# puppies, puppies, puppies



## steponme (Aug 26, 2004)

Hello, 

A stray female dog has been hanging around my aunt's house for sometime now. Well last month she had 9 puppies. My aunt does not know what to do with them. She asked me if I know a place who will take them in. I told her the second chance place or the dog pound. She called the second chance place and they said there was a 2 month waiting list. She does not want to take them to the dog pound because she said they would euthanize them if they do not find a home. Does anybody else have any suggestions. My aunt would take them in but her husband is really sick with cancer and she is always at the hospital. I told her that my friends at Spoiled Maltese might know something.

Thanks, 

Stephanie


----------



## LexiAndNikkisMom (Apr 13, 2004)

Do you know what breed of dog the stray is?

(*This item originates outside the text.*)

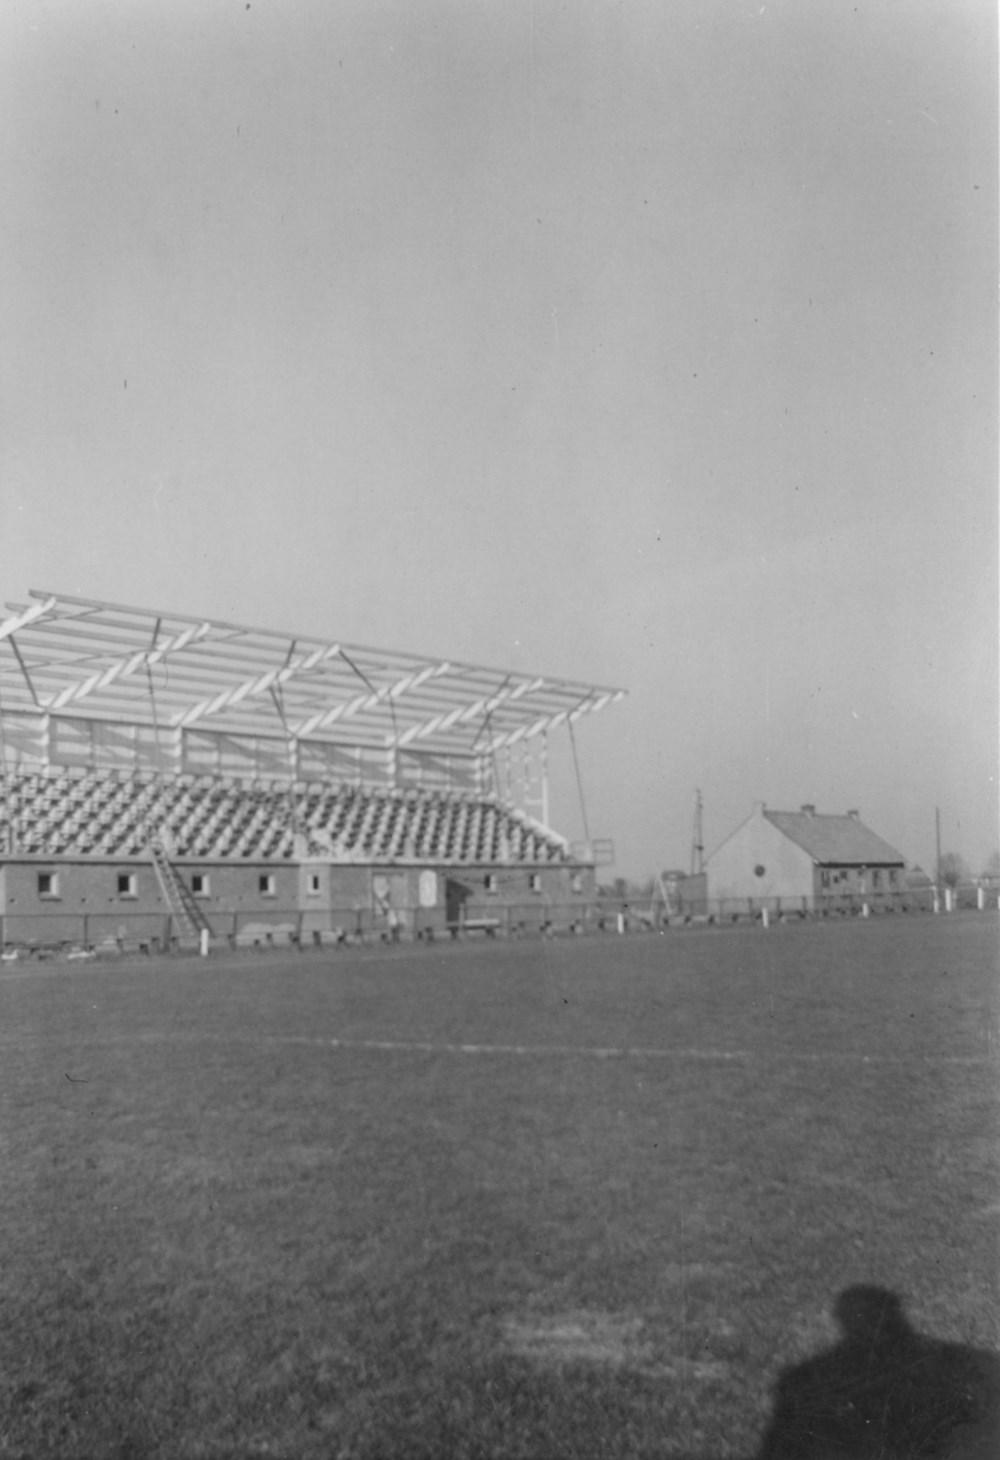 1959 Verenigingsleven Bouw tribune

Here is a link to a website that lists some rescues in your state: Rescues

Another option would be to look for a no kill shelter in your area.


----------



## steponme (Aug 26, 2004)

I asked her what breed they were and she did not know.


----------



## paris (Apr 8, 2005)

You might take a picture and post at your local vets.


----------



## charmypoo (Sep 11, 2004)

Are they big or small dogs?


----------



## steponme (Aug 26, 2004)

I think the puppies are going to be medium in size. I tried calling around to some local animal shelters and nobody has any place for them. One lady I called was really mean to me. She said that I should of spaded the mother dog and that this would of not happened. I told her this was not even my dog I was calling for my aunt. I don't think she believed me. She said if we took them to the animal shelter they would euthanize them immediately. We don't want this to happen. So I don't know what else to do. I would take one but we already have enough animals. We just recently rescued Dakota. When I get a chance I will post some pictures of them. Thanks for listening.


----------



## FannyMay (Nov 18, 2004)

I agree that when you get pictures you should post them in your aunt's local pet stores. She might find takers that way. You can also try craigs list. Just be sure your aunt screes all potential takers.


----------



## 3Maltmom (May 23, 2005)

Pull up http://www.petfinder.com 

There should be many different rescue orginizations in your area. Email or call a few of them in your area. I'm sure if they can't help you, they will recommend a rescue or no-kill shelter for you.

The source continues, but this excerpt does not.